I chose a fractal structure because narrative expression has what appears to me to be a sort of infinite set-ness (https://en.wikipedia.org/wiki/Infinite_set). This allows Deep Schizophrenia to recursively fill up the story from the 'inside' with each pass, moving down from higher levels of abstraction as it increases the cardinality (detail) of the narrative set. So in theory, with some clever memory management, it could allow you to fill up a narrative indefinitely (a-la George R. R. Martin). Theoretically, it should also be possible to take a complete, encoded narrative, normalize it onto a fraction of the curve, say [0,0.5] and, with some software architecture I haven't quite figured out yet, generate a "sequel" on the interval (0.5,1].

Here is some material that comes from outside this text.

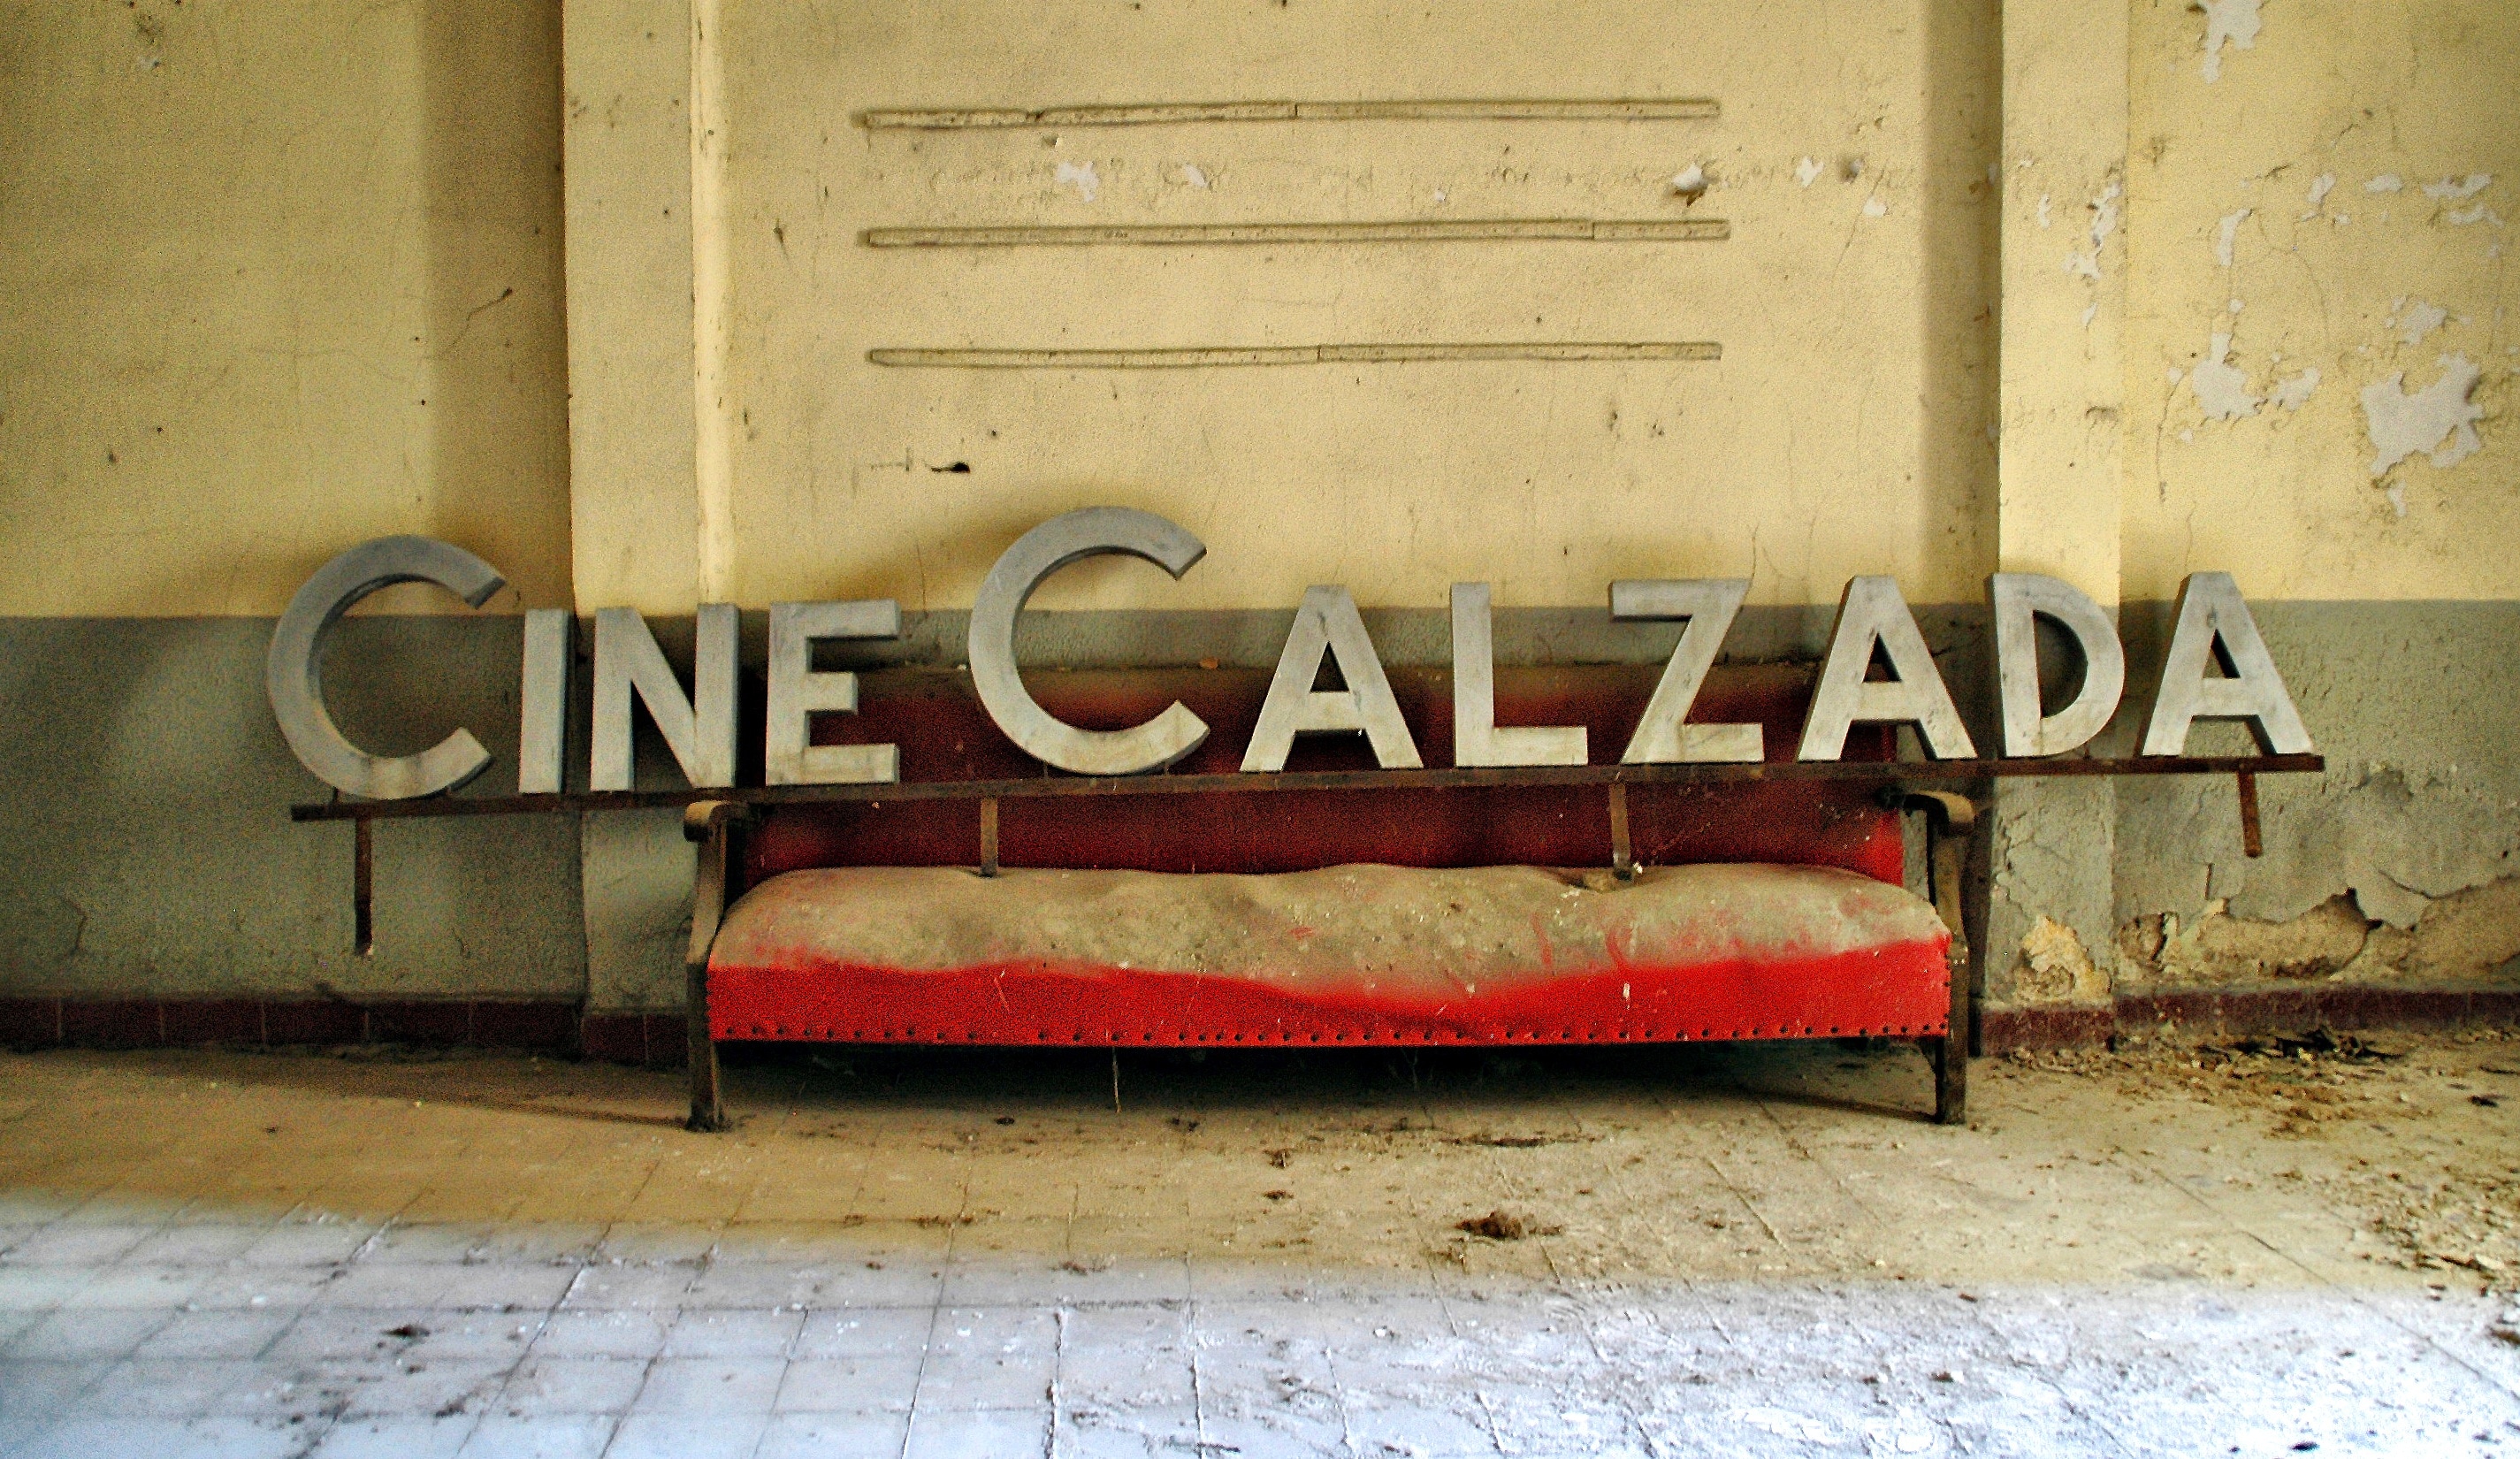 cine calzada cut out signage

Narratives, common stories, myths etc. inform and tell you more about people's beliefs and ideologies in ways mere factual data could never hope to tell you. Did it matter that Boston Tea Partier's were actually dumping the tea in order the protest the new lower prices of the East India company's tea (thanks to the British lowering the tariffs) which were negatively affecting the sales of their own speciously sourced tea? Not really because what's the story that made America what it is today? The one that reaffirmed the heroes of the American Revolution. Does Turgenev's 'Sketches From A Hunters Album' and the affect it had on people's understanding of the morality and brutality of Russian serfdom any lessoned by the fact it's a fictional narrative. No, I would argue the fact its a fictional narrative loosely based in reality is what makes it that much the stronger.
And we can now tell people much better stories, with better customized content (targeting) faster and much more efficiently than any human could hope to accomplish.